I fixed the issue by removing nodes/pods that had higher than 95% disk usage. After the last such node was removed, FDB became healthy almost instantly.

It looks like that FDB sets up a threshold of 95% disk usage internally. When that threshold is crossed with any node in the cluster, FDB “limits/suspends” itself, and becomes unresponsive (in our case, the cluster was not usable by apps).

This is unexpected. This is like any node in the cluster can become a single point of failure for the cluster in terms of usability.

Can you check with the FDB dev team how the cluster is supposed to behave in such a case in v6.2.11? Has the behavior changed in a later patch or version?

Similar question: has the behavior of having some nodes getting really high disk usage changed since v6.2.11?

Thank you.

I would not look at that as single point of failure, but it is a safe guard. Not just FDB, but for any database if the disk is full database can get into very bad state depending when exactly disk becomes full.

If any node reached 95%, then cluster is in a very bad state. Database has two options at this point

  • Continue to accept requests until disk is 100% full and risk getting into a unrecoverable state
  • Stop accepting client requests causing outage, but protect the database to give chance to DBAs to recover the cluster

FDB chooses later.

Ideally, DBAs should have some alerts to notify disk getting full much sooner than 95%, to avoid this situation.

1 Like

Another option is for data-distributor to take available disk in account and move away shards from the node that is more full than some accepted threshold. Systems like HDFS have this behavior.

Good point.

However, data distributor should be doing that (balancing across all nodes) all the time not just when nodes are very full. If we get to this place then something is wrong with data distributor and it didn’t make correct decisions. Fixes in 6.215-6.2.20 should help with that behavior.

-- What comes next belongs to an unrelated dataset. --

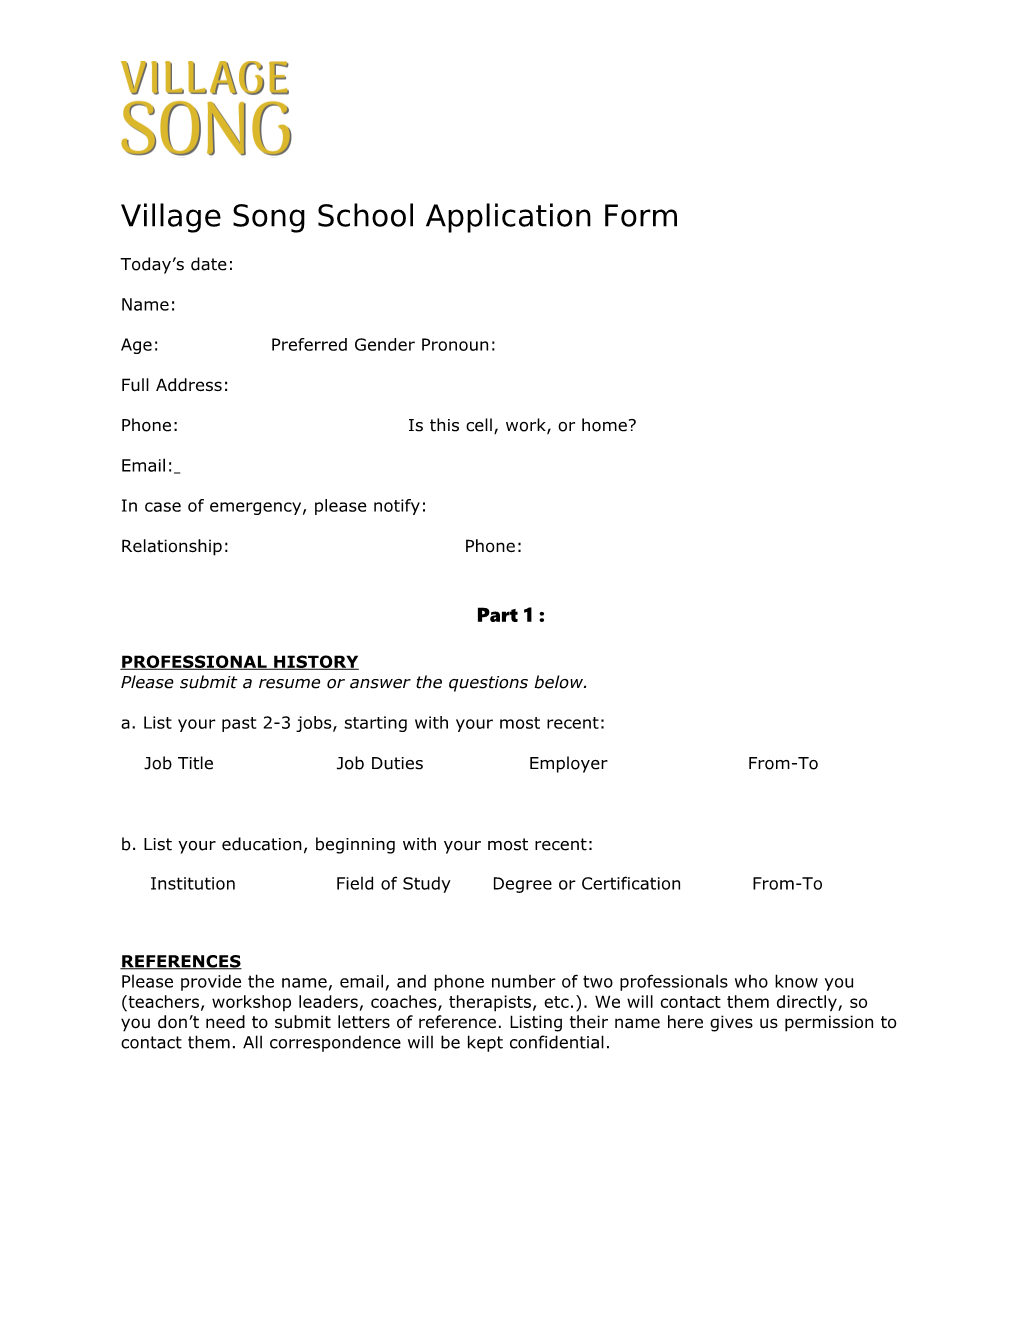 Village Song School Application Form
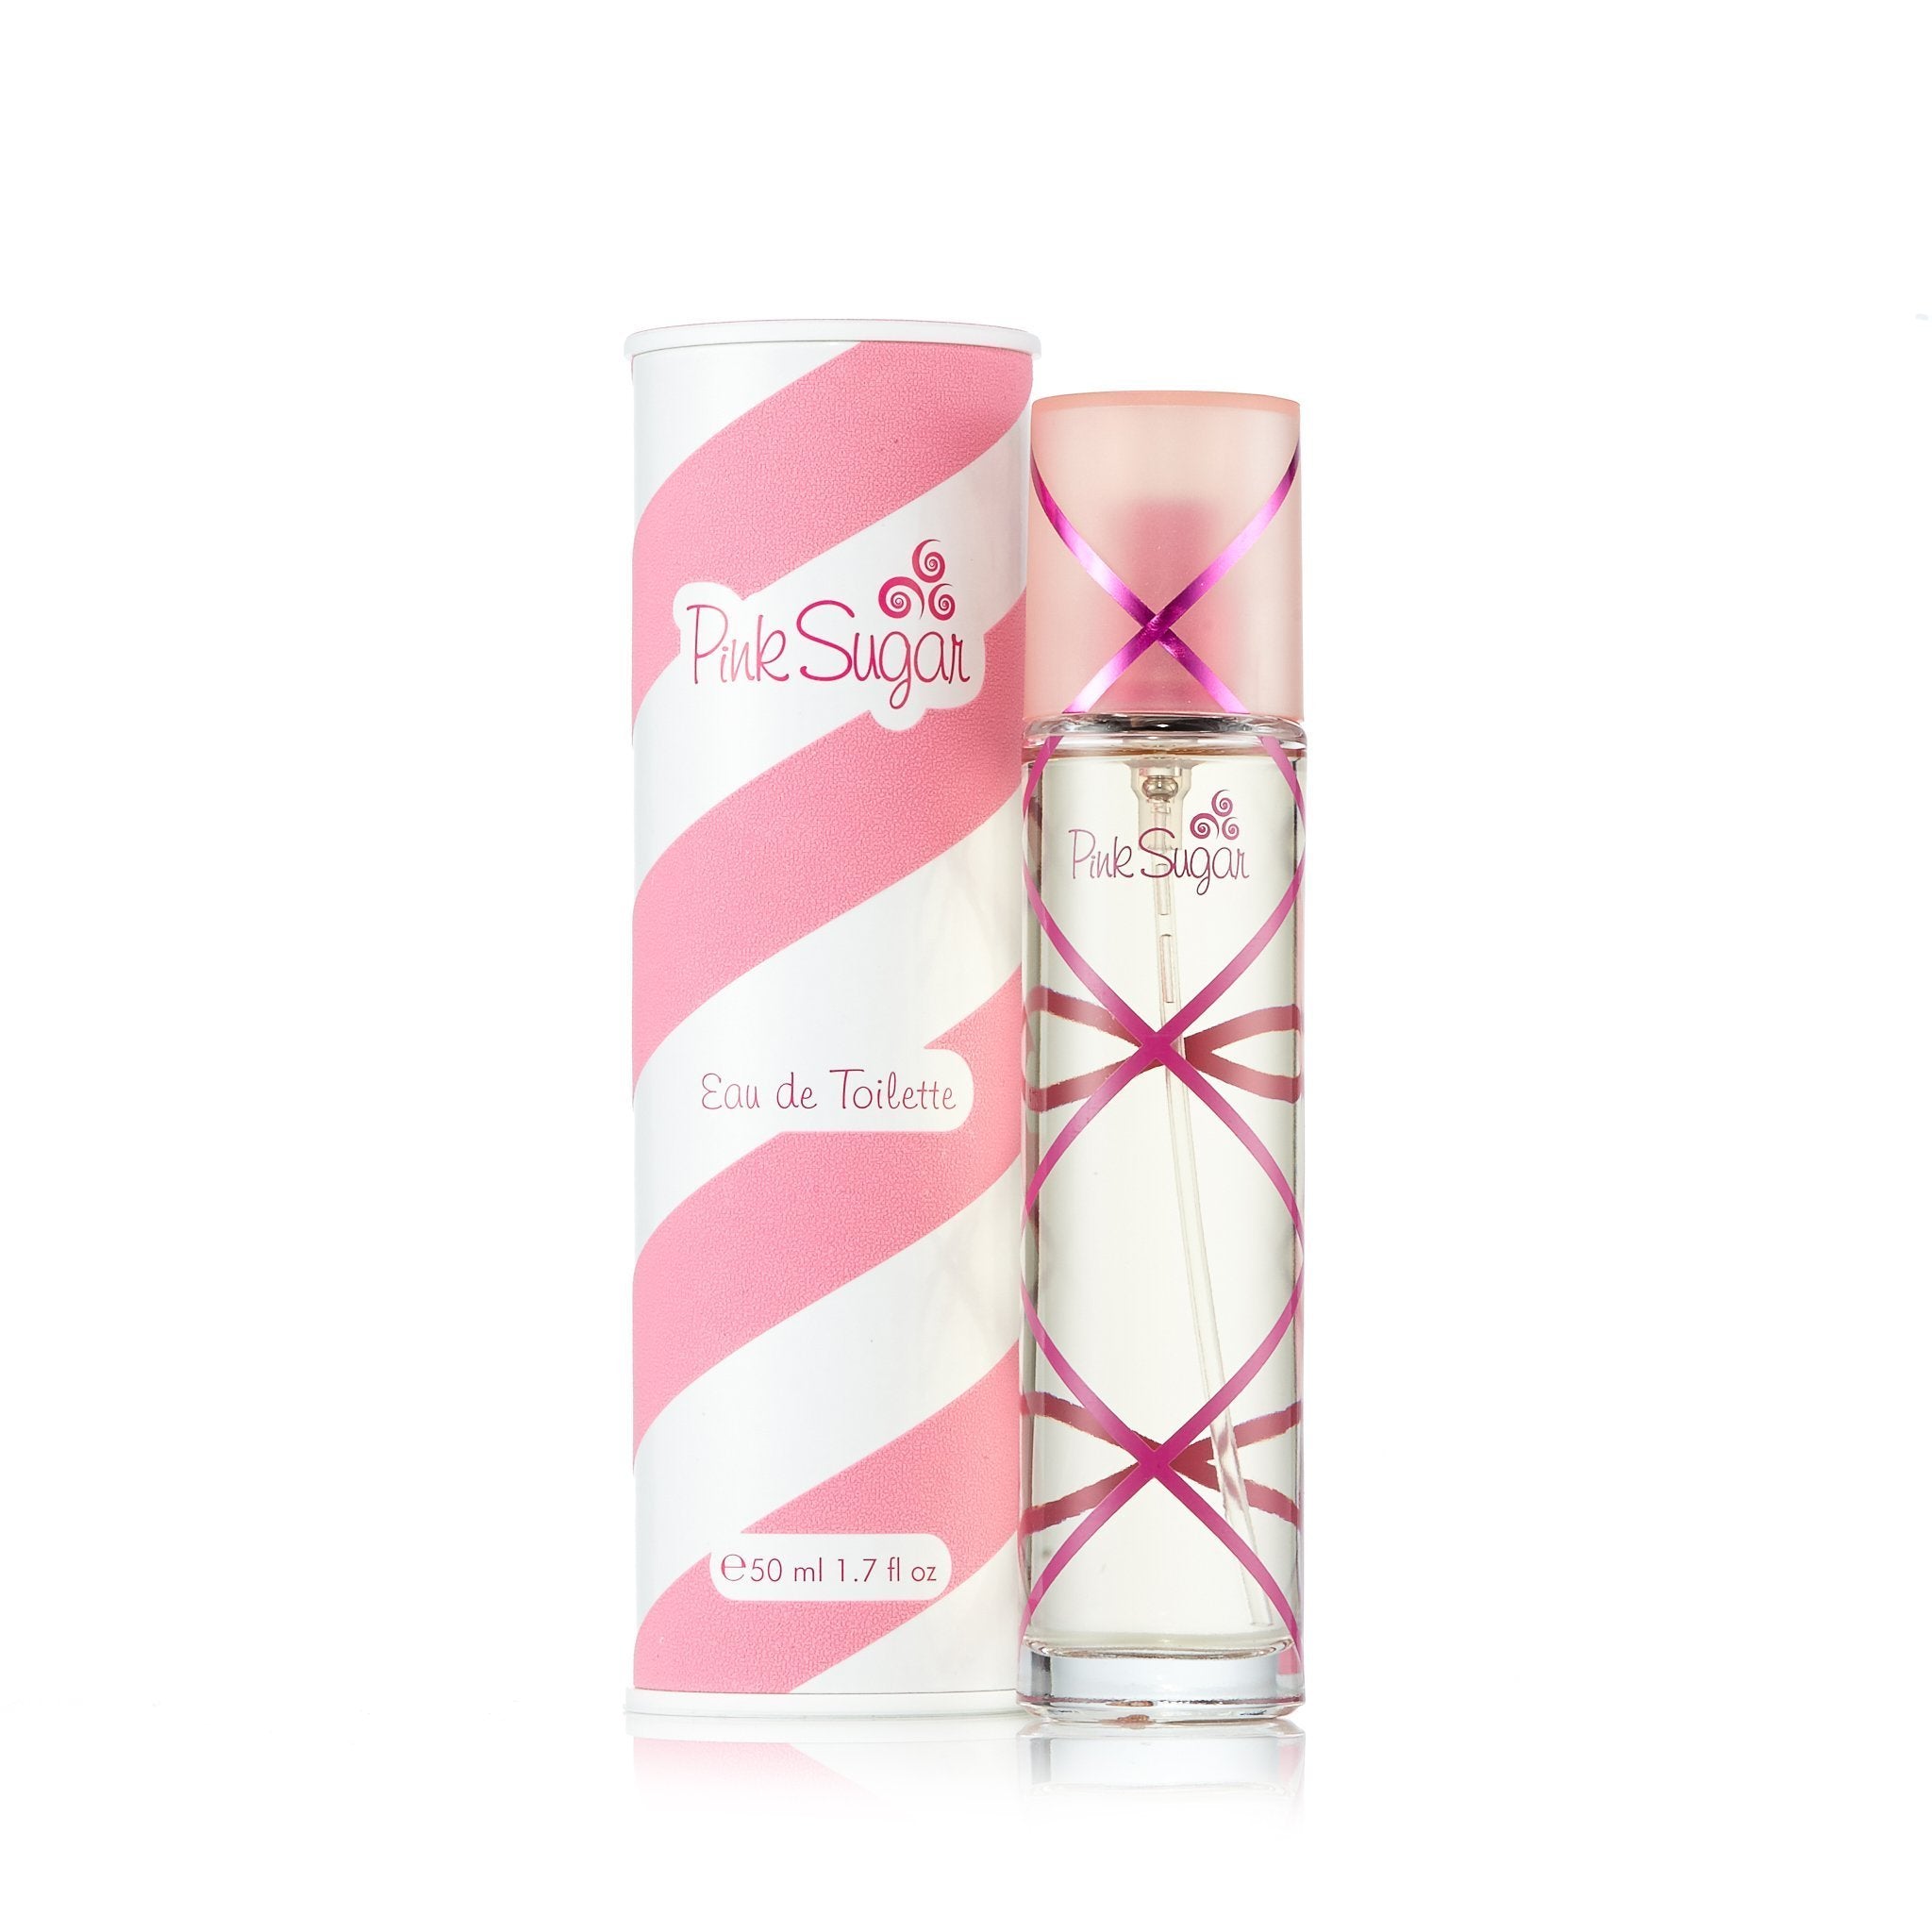 Zucchero a Velo Aquolina perfume - a fragrance for women and men 2015

I think one of the fix was along the lines, what you suggested. IIRC, fix was a scheme when a server crosses a threshold, data distributor stops using teams with that server as destination. Evan would know details better.

Yes, this is one of the fixes I was talking about since 6.2.11, it avoids putting data on processes that are getting full and are also fuller than other processes.

I’m glad doing this worked. I think it’s a lighter weight variant of dropping the whole region, so it was a good choice. I think what happens in this case is that removing all of the processes may have (but not necessarily) eliminated all copies of some data in the region, in which case it should re-replicate from the other region.

If you were only running one region, a possible outcome of this procedure could have been that all copies of some data had been taken offline. In that case, status should at least report that fact to you, so you would know that you need to find a way to get at least some of the processes back.